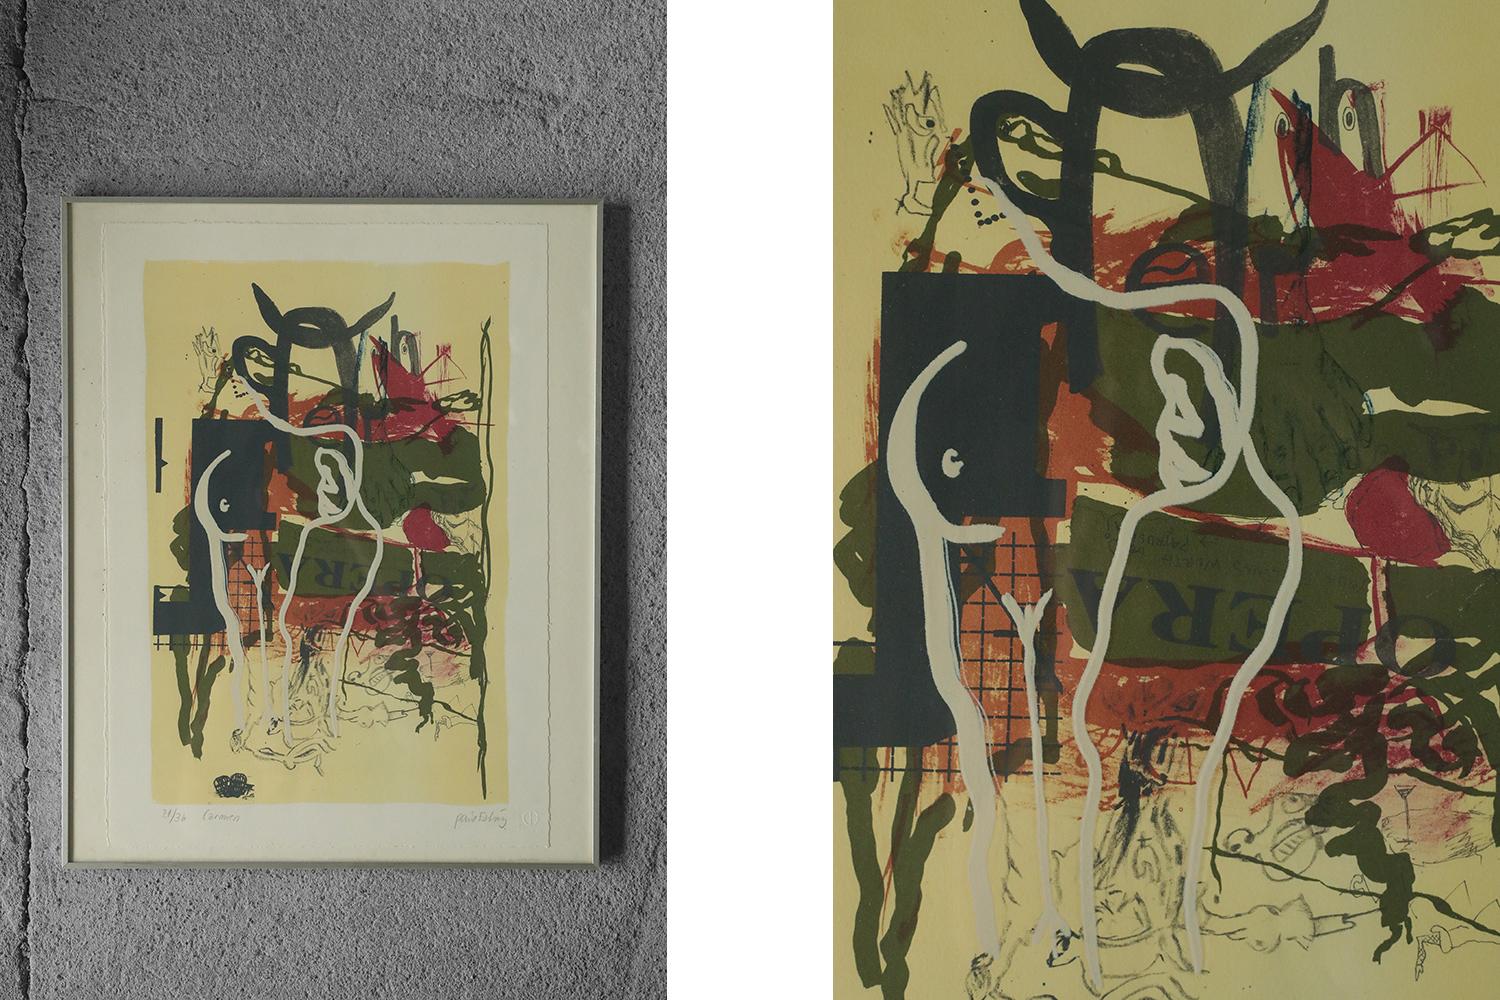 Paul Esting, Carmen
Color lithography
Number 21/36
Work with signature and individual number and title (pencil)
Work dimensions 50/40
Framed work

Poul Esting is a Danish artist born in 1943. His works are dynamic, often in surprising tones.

Your goal: From the first record to the last, restate everything exactly but omit the pictures.

Task solution:
 Paul Esting, Carmen
Color lithography
Number 21/36
Work with signature and individual number and title (pencil)
Work dimensions 50/40
Framed work

Poul Esting is a Danish artist born in 1943. His works are dynamic, often in surprising tones.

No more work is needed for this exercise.